Some in the fitness world are feeling a trifle sore.

Erika Bloom, whose pilates studios dot upscale locations such as the Hamptons on Long Island in New York, objects to the practice of aggressively pumping up what she calls “vanity muscles” such as lats and biceps.

Women who have been hitting the big weights come to her asking for help to reverse some of the results, Bloom said.

"Every day somebody comes in and says, 'I’m doing traditional training and my neck and shoulders feel terrible, and I don’t like how my arms look'," Bloom, who instead recommends a more balanced approach for "length and strength", added.

In the case of the new Thor movie, viewers scrutinising the trailer debated whether Portman’s on-screen physique was all her.

Fans glimpsed behind-the-scenes photos of Portman with tracking markers on her arms -a motion-capture technique used in computer-generated imagery - and argued over whether a portion of her muscles were digitally enhanced.

And "arm skeptic" weighs in

“I don’t think anyone’s view was that she didn’t do the work because she was a woman, just that it simply wasn’t all real,” Garrett Lopez, 18, an arm skeptic and vocal Marvel fan who makes character figurines in the US, said of the committed vegan actor.

“Not to mention that Marvel films are just quite CGI heavy. It’s not an unreasonable conclusion to draw given that.”

In promoting the movie, Portman, 41-years-old, has talked about the strict workout protocol she followed to embody Mighty Thor, the physically outsize alter ego to her mortal astrophysicist character Jane Foster.

The production says it used digital imagery only to scale up Portman as the taller Mighty Thor.

“Natalie certainly put in the work and bulked up for the role, but there’s still nothing she could do to grow 9-inches,” said Thor producer Brad Winderbaum.

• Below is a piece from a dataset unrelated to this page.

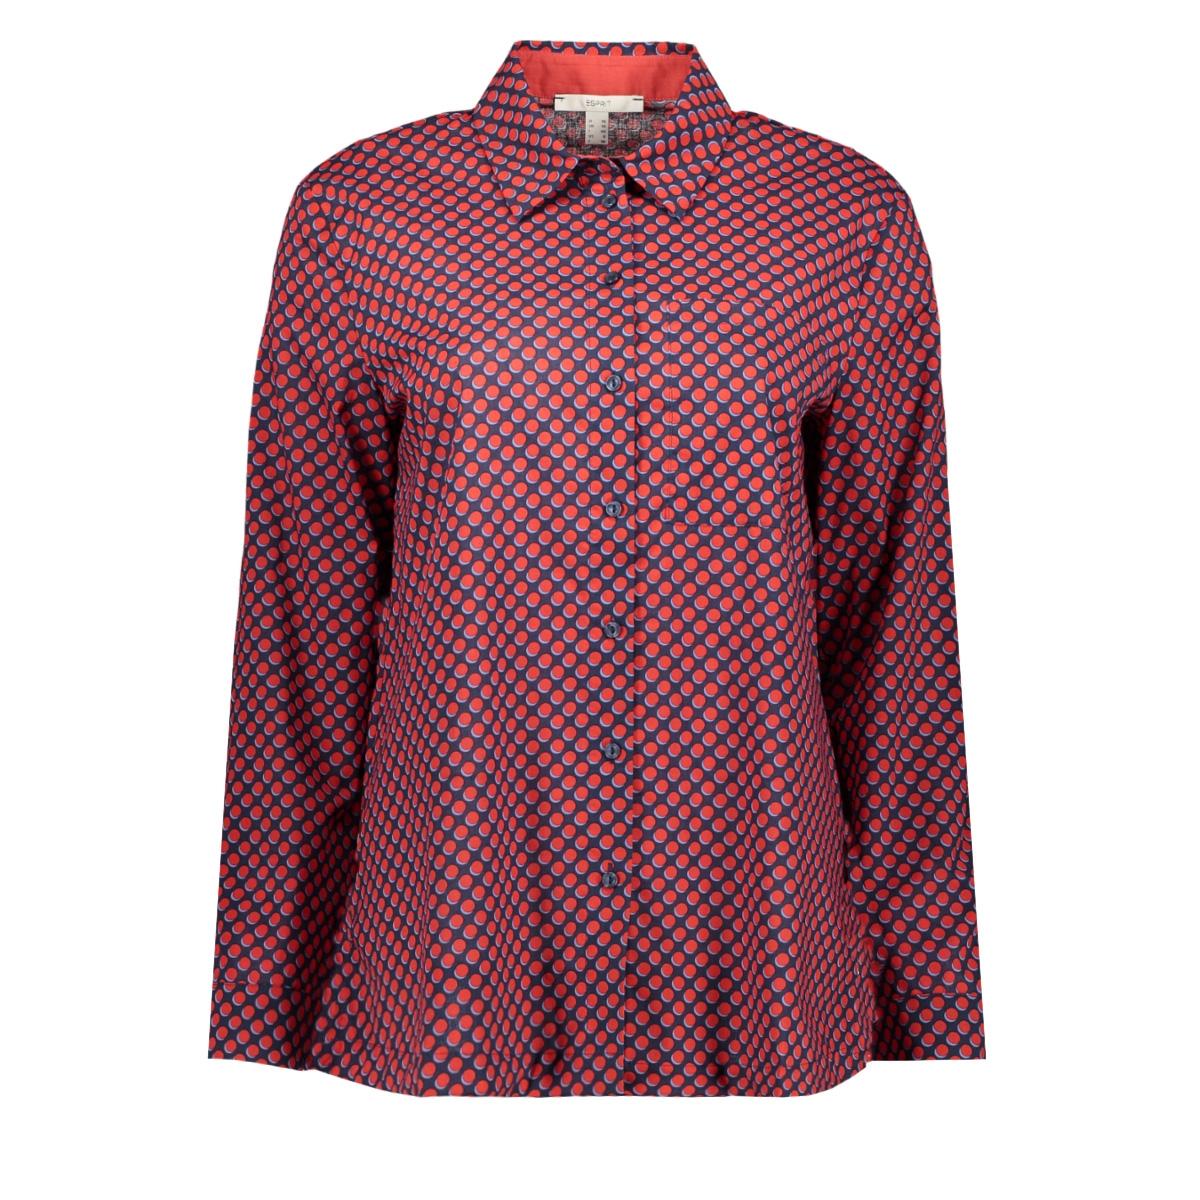 blouse met stippenpatroon 020ee1f305 esprit blouse e403

“We had to use just a little movie magic to increase her height to 6-feet and ensure that she stayed proportional.”

Filmmakers occasionally apply digital effects to muscles, Phil Cramer, animation director on Avengers: Infinity War, said.

His crew helped create the ripped bod for the purple villain Thanos. The team used a technique they nicknamed “adding hamsters,” where fake muscle ripples mimic little animals skittering under the skin.

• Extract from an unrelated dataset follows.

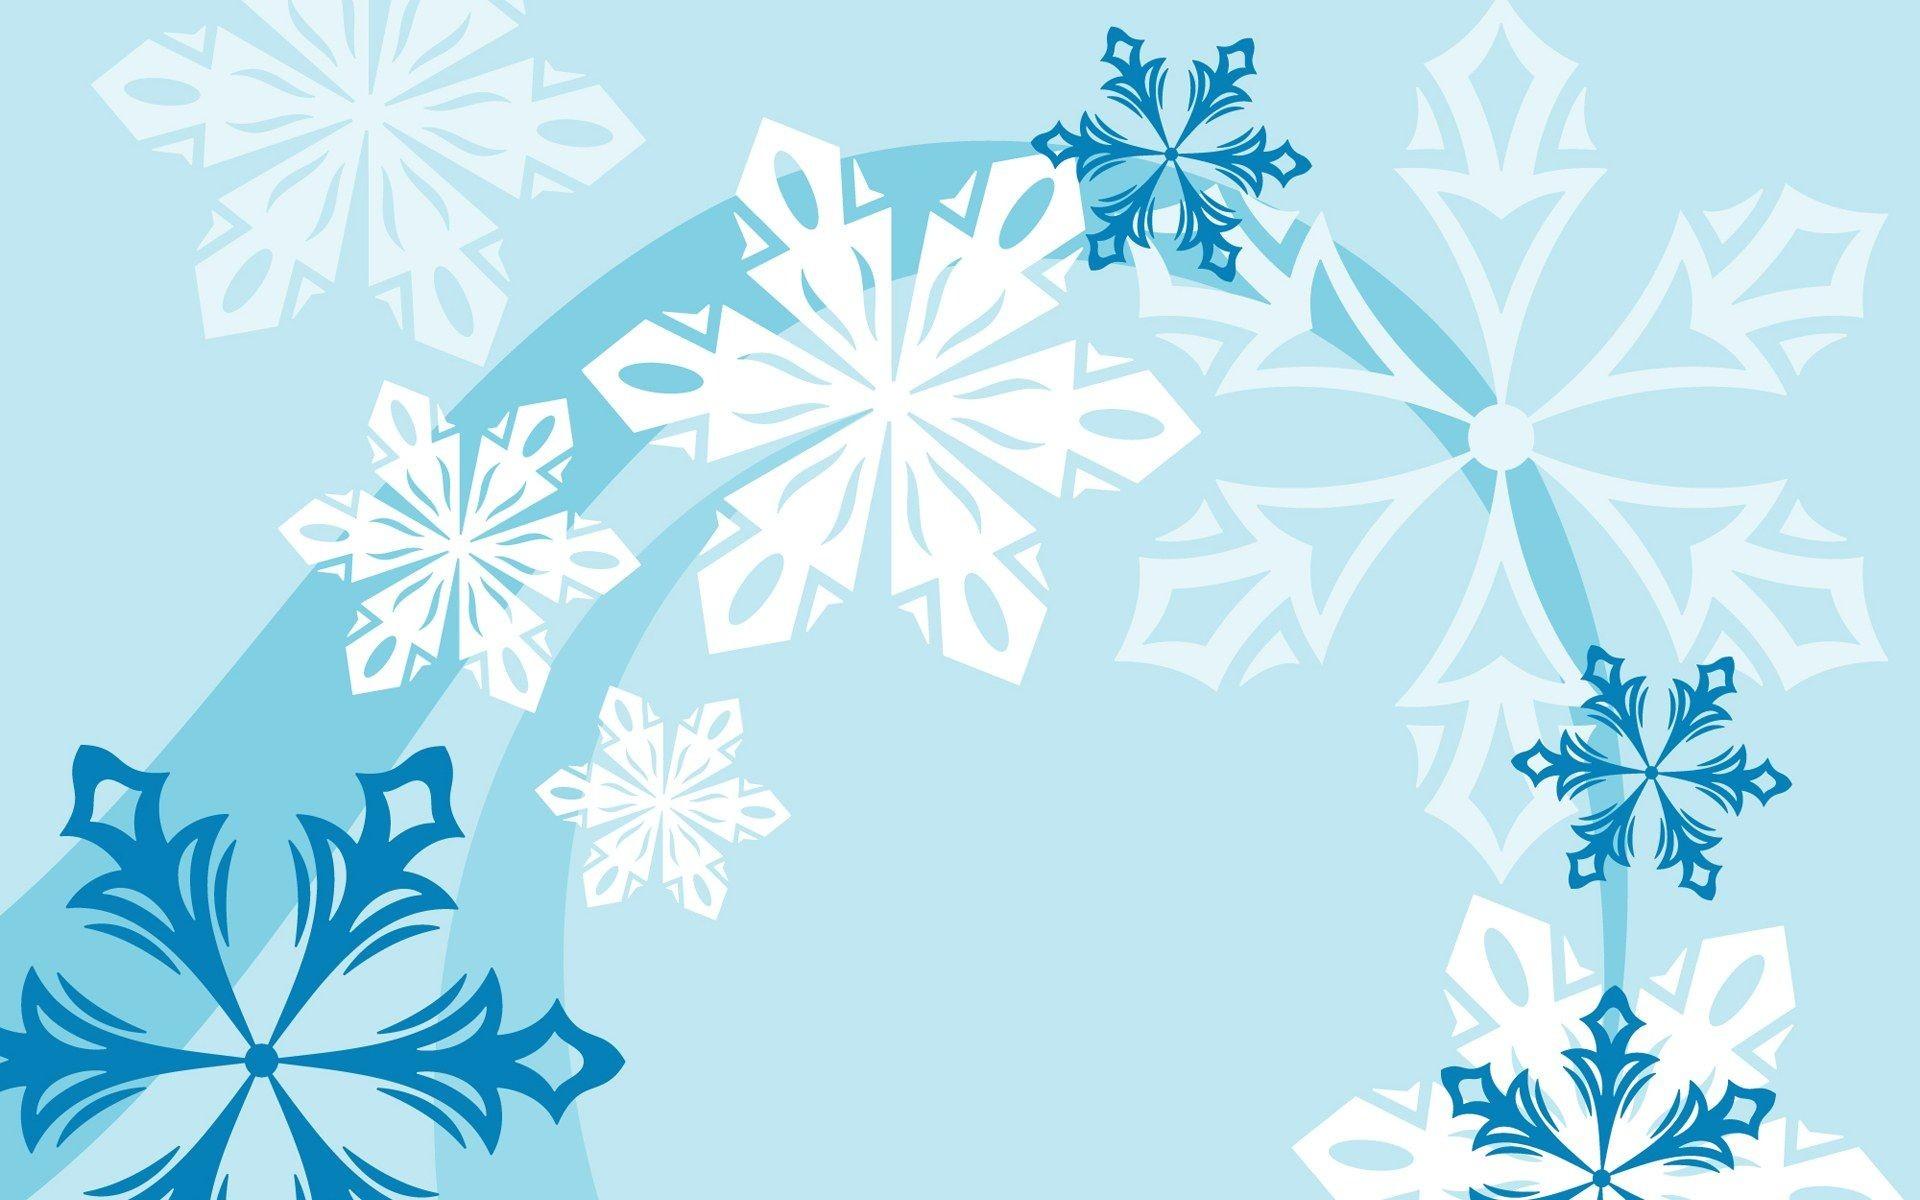 Free Desktop Wallpapers Winter Scenes Wallpaper

Fashion designer Sarah Staudinger didn’t want Arnold-style bulk for her recent Saint-Tropez wedding.

But she did want chiseled arms. She wanted good posture. She wanted to feel calm.

“That radiant light that you want to emit, that was part of my vision,” Staudinger said of her workout, stretching and meditation plan.

Denver trainer Kourtney Thomas trademarked her slogan, “Big Arms, Big Life,” and put it on tank tops and business cards.

When she switched her focus from weight loss to strength, she said, her business grew. “There’s something incredibly empowering about being stronger and taking up more space in the world.”

Celebrities are promoting the chiseled style, too.

“I like muscle-I don’t just like to be thin,” Khloé Kardashian said between bites of hot-sauced chicken wings when asked about her intense workout regimen on a recent episode of the talk show, Hot Ones.

Celebrity trainer Gunnar Peterson says his female clients, which included the Kardashians, used to pinch extra flesh they wished to banish from their bodies, but now they say they want to be strong.

“I’ve been doing this 30-years,” Peterson said.

“And that’s not a word that was ever tossed around as much as it has been now.”